En fin de compte, la photographie du véhicule du suspect n’a été communiquée au public qu’à 10 h 17, soit environ trois heures après que la police régionale de Halifax ait obtenu les photos d’un parent du conjoint du tueur.
Halliday a déclaré aux enquêteurs, « nous savions que nous devions la faire sortir », en référence à la photo de la voiture de la GRC du tueur. « Mais vous savez, aucun d’entre nous n’avait jamais eu l’expérience d’envoyer un tel message au public », a-t-il ajouté.
« C’était très lourd. »
Avant que la gendarme de la GRC Heidi Stevenson, membre de la GRC, a été tuée par le tireur alors qu’elle se précipitait pour soutenir un autre agent abattu, elle a demandé à partager avec le public une photo de la réplique de la voiture de patrouille.
A 8h44, Stevenson est enregistrée demandant à ses supérieurs s’ils avaient envisagé de diffuser un communiqué de presse sur la Ford Taurus entièrement identifiée du tueur. Elle a été tuée par le tireur, Gabriel Wortman, dans une fusillade à 10h49 après que leurs véhicules soient entrés en collision.
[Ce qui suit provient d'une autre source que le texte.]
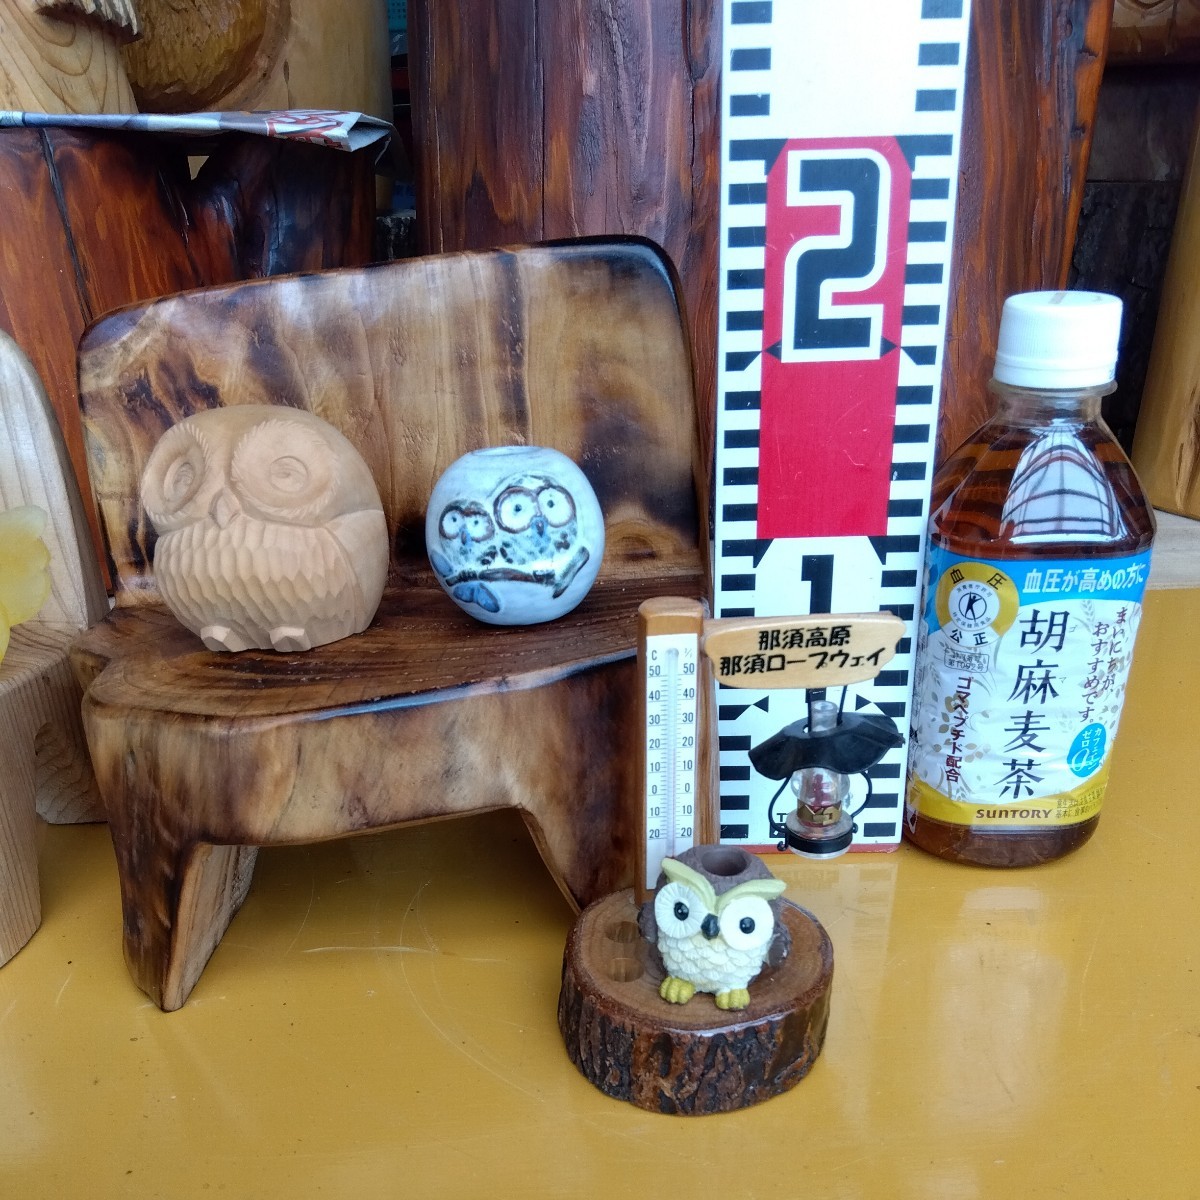  handmade woodworking goods ②3 points collection display shelf . how? interval . material ( Japanese cedar material ). valid practical use image from decision,. consent can person image 8 sheets eyes on and after is use example

Le chef de district de la GRC du comté de Colchester, Al Carroll, a envoyé un courriel au sergent d’état-major Bruce Briers, gestionnaire des risques au Centre de communications opérationnelles, au sujet de la suggestion de M. Stevenson de publier un communiqué de presse à 9 h 08, indiquant qu’une déclaration publique au sujet de la voiture de police n’aurait pas lieu. « Il a été envisagé de faire un communiqué sur le véhicule, mais la décision a été prise de ne pas le faire », a écrit M. Carroll.
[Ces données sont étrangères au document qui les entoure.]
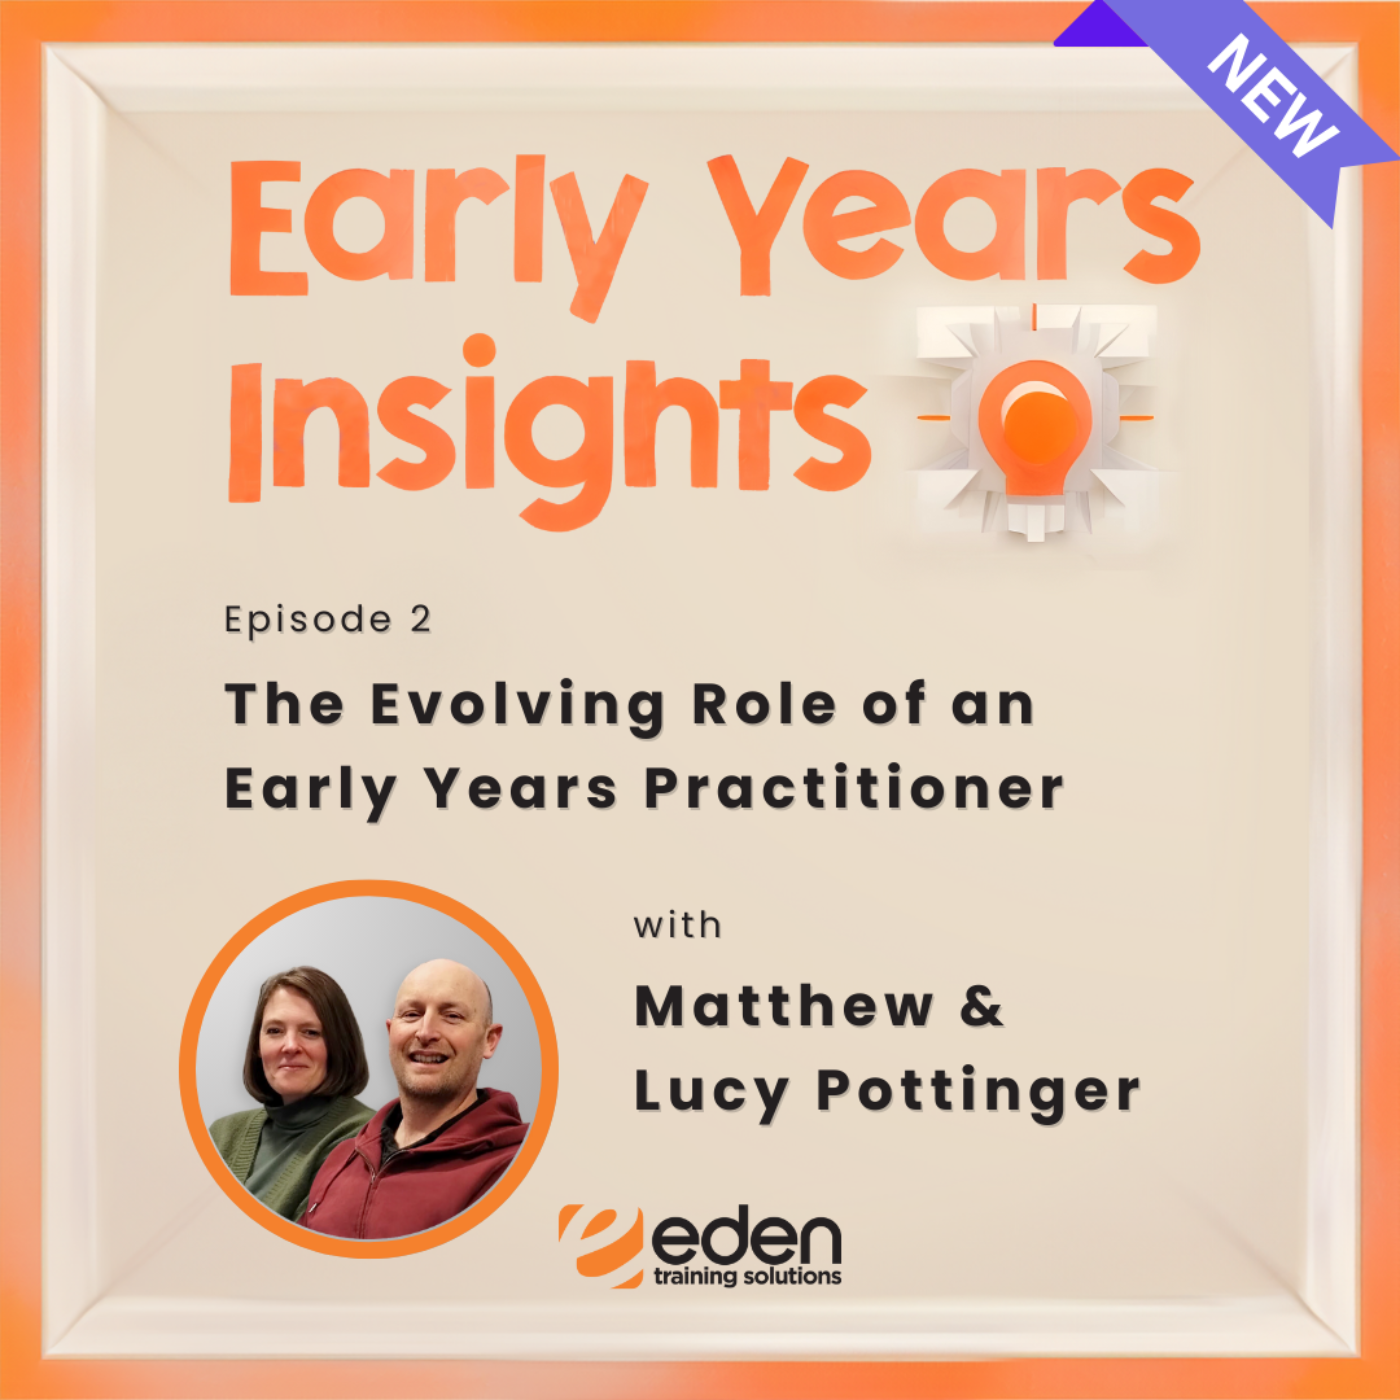 Episode 2: The Evolving Role of an Early Years Practitioner

Briers a répondu sept minutes plus tard : « Très bien, je me doutais qu’ils ne voudraient peut-être pas faire de déclaration. »
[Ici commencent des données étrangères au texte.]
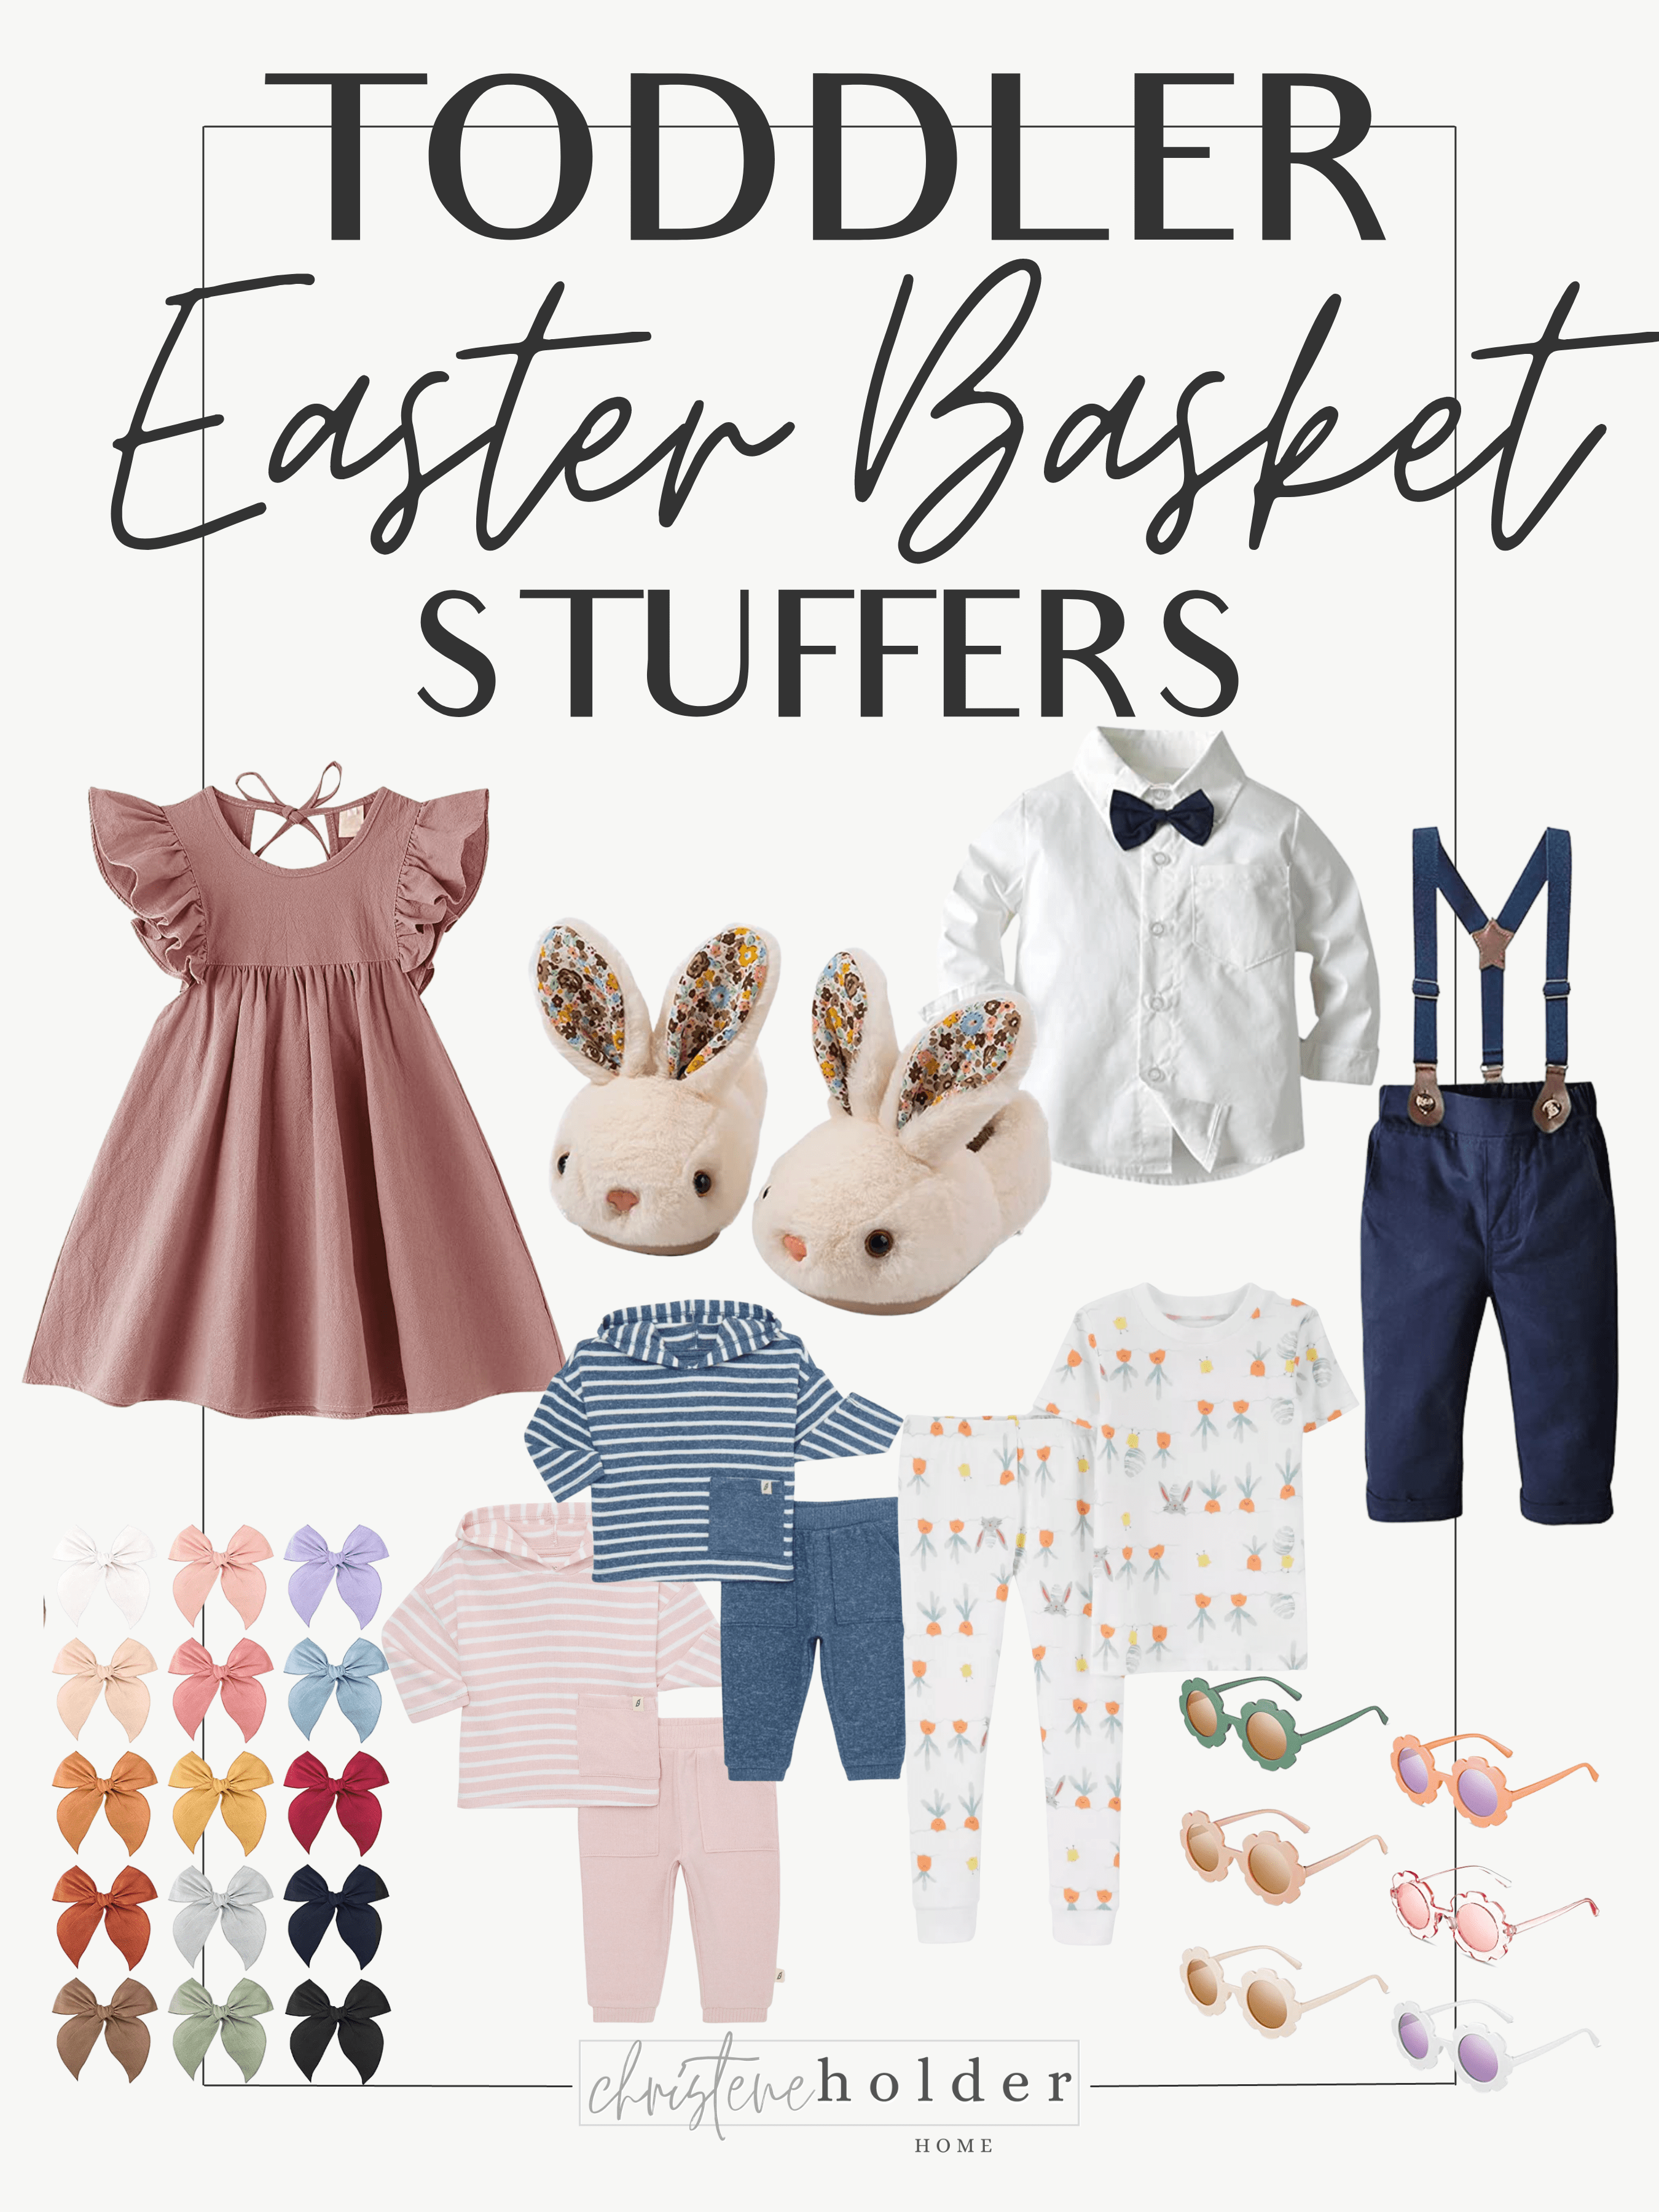 toddler Easter basket clothes and accessories stuffer ideas

Il n’est pas clair qui Brier entend par « ils » dans son e-mail. Dans l’interview avec l’enquête, Halliday a dit qu’il n’était pas au courant de cette conversation entre Carroll et Briers.
« C’est la première fois que j’entends quelque chose comme ça, et je suis choqué d’entendre cela. Je ne pense pas que ce soit exact, franchement », a déclaré Halliday.
Les enregistrements des appels de la police ne permettent pas de savoir si le centre de communication opérationnel de Truro a été inondé d’appels après la diffusion éventuelle de la photo sur les médias sociaux à 10 h 17. Mais les documents d’enquête détaillent deux observations du tireur signalées à la police quelques minutes après le partage de la photo de la fausse voiture de police.
Vers 10 h 39, un policier entend de sa femme que son amie a vu ce qui semblait être une voiture de la GRC passer devant chez elle, en roulant vers le sud sur l’autoroute 2 à Brookfield. Selon le document, elle a ensuite dit à la police qu’elle pensait qu’il pouvait s’agir de l’auteur de l’attentat en se basant sur « les photos qu'(elle) avait vues sur Internet. »
Quelques minutes plus tard, le gendarme a obtenu la confirmation qu’aucun membre de la GRC ne conduisait une voiture marquée dans le secteur.
Puis, à 10 h 42, une autre femme a joint la GRC pour signaler qu’un véhicule de police marqué se dirigeait vers Stewiacke à partir de l’intersection de Brookfield avec le marqueur « B11 », la dernière partie du code que le tueur avait utilisé pour marquer sa voiture. « Elle avait vu la publication de la GRC sur Facebook au sujet du véhicule », peut-on lire dans le document.
Ce rapport de la Presse canadienne a été publié pour la première fois le 28 avril 2022.
Ce reportage a été réalisé grâce à l’aide financière de la bourse Meta et Canadian Press News Fellowship.